» BRIEF:
Keep the pictures out. Copy every line of the listing exactly.

» THE DATA:
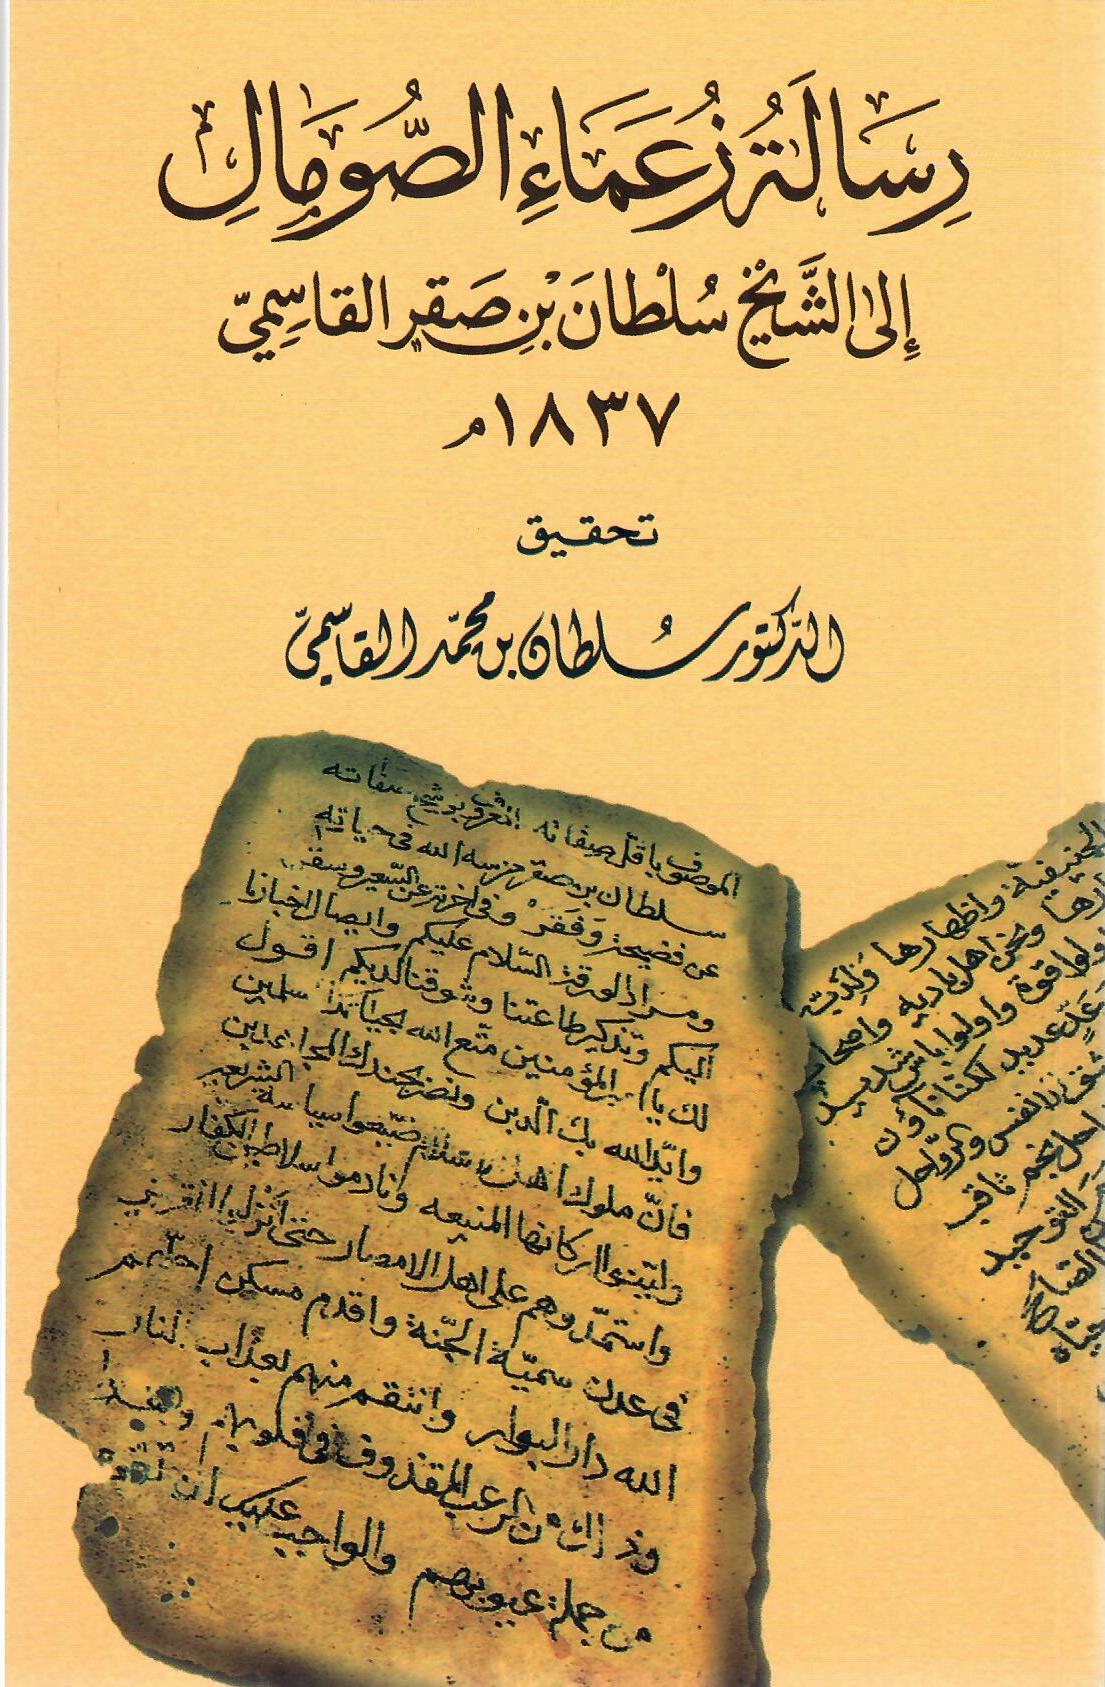 رسالة زعماء الصومال إلى الشيخ سلطان بن صقر القاسمي 1837م
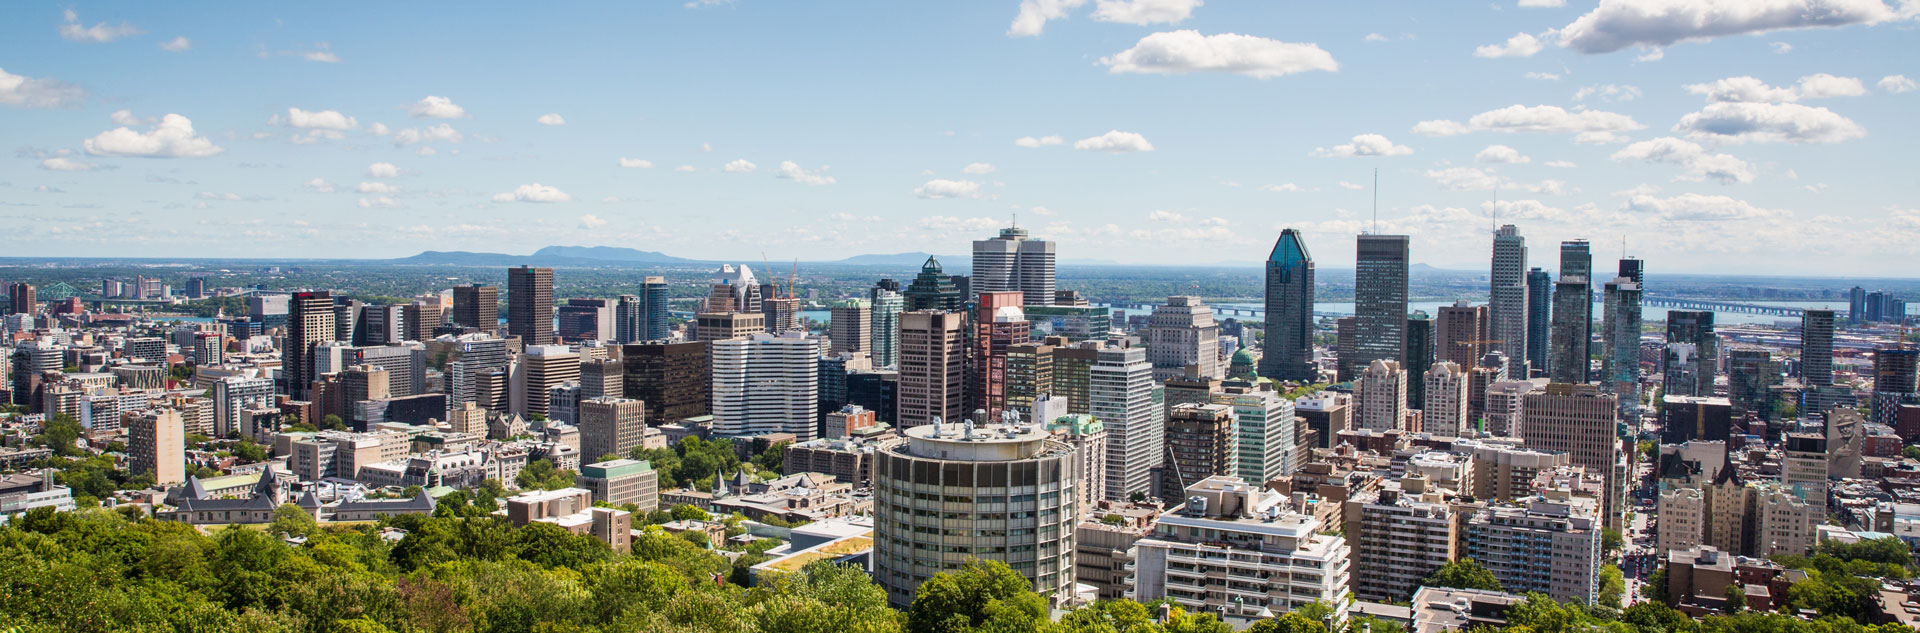 Blick auf Montreal, Quebec, Canada
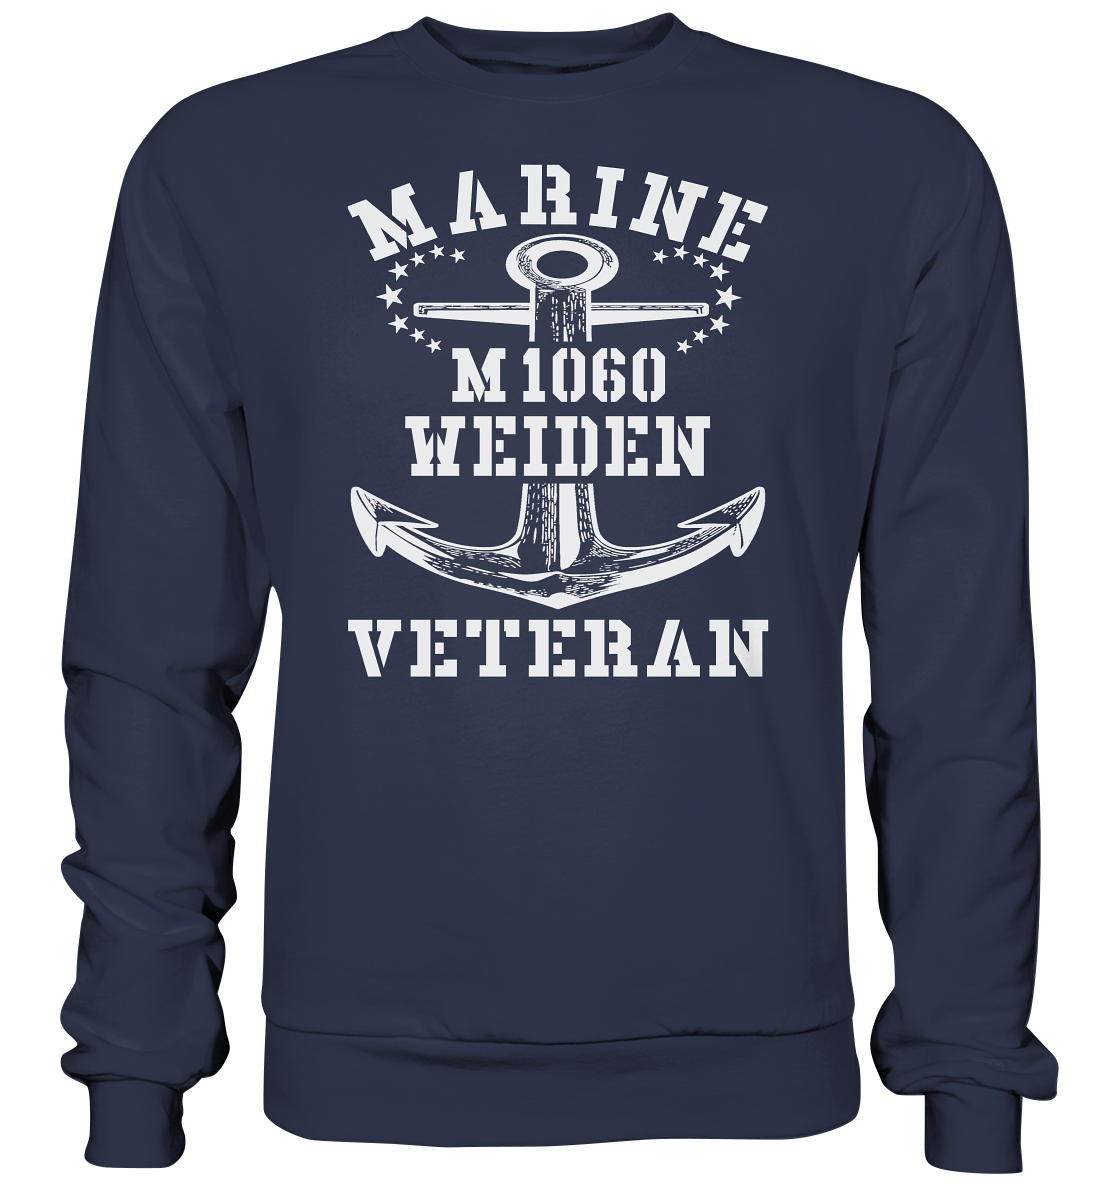 Mij.-Boot M1060 WEIDEN Marine Veteran - Premium Sweatshirt

» RESULT:
 رسالة زعماء الصومال إلى الشيخ سلطان بن صقر القاسمي 1837م
 Blick auf Montreal, Quebec, Canada
 Mij.-Boot M1060 WEIDEN Marine Veteran - Premium Sweatshirt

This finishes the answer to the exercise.